Signed int arithmetic operations can overflow and underflow, and when that happens, that is undefined behavior as per the C++ standard (and C standard). At which point the program can be expected to do potentially do anything.
I've noticed many questions on SO where undefined behavior occurs and the program behaves in unexpected but deterministic manner, eg:
C output changed by adding a printf
In the context of signed int overflow, how does the compiler generate code such that when an overflow occurs it intentionally behaves weirdly? Is there a cmp injected to determine if some flag is set post an iadd or something?
Surely the compiler isn't intentionally generating code that checks for overflow and intentionally has another code path be executed?
I'm probably missing something here, but any explanation about this would be great to have.
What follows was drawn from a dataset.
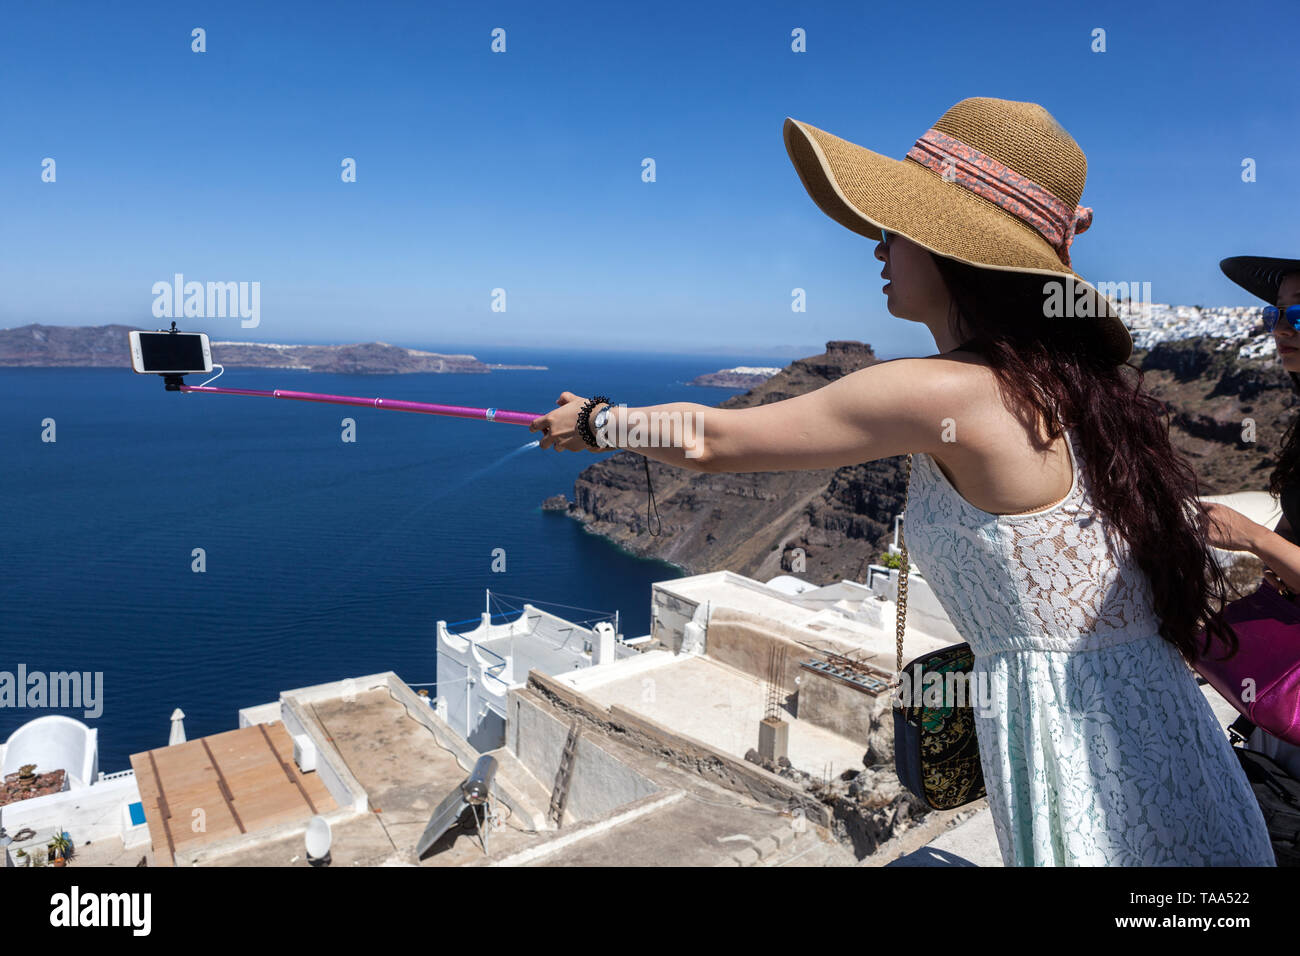 Grèce Santorini gens touristes, jeune femme asiatique faisant la photo, selfie au-dessus de caldera Europe Banque D'Images

In the example you link, the compiler is optimizing by assuming undefined behavior can't happen. In that question, overflow is reported only if you added two negative numbers and produced a positive, or two positives produce a negative. Since neither behavior can occur without being the result of an undefined behavior (signed integer overflow), it simply assumes the if test can never pass, and eliminates that code path entirely from the compiled code, leaving only the code for the else path.
So it's not doing any additional work at all at runtime to achieve this result. It's identifying a way to improve performance, the same as it would if it saw:
if (0) {
x();
} else {
y();
}
and eliminated the if (0) path, compiling code that unconditionally called y();. It's not required to produce code that responds correctly in the presence of undefined behavior, so it just pretends it can't happen and optimizes accordingly. No code checks for the undefined behavior, no extra work is done, it just produces simple code that behaves incorrectly because the undefined behavior it assumed couldn't happen, actually did.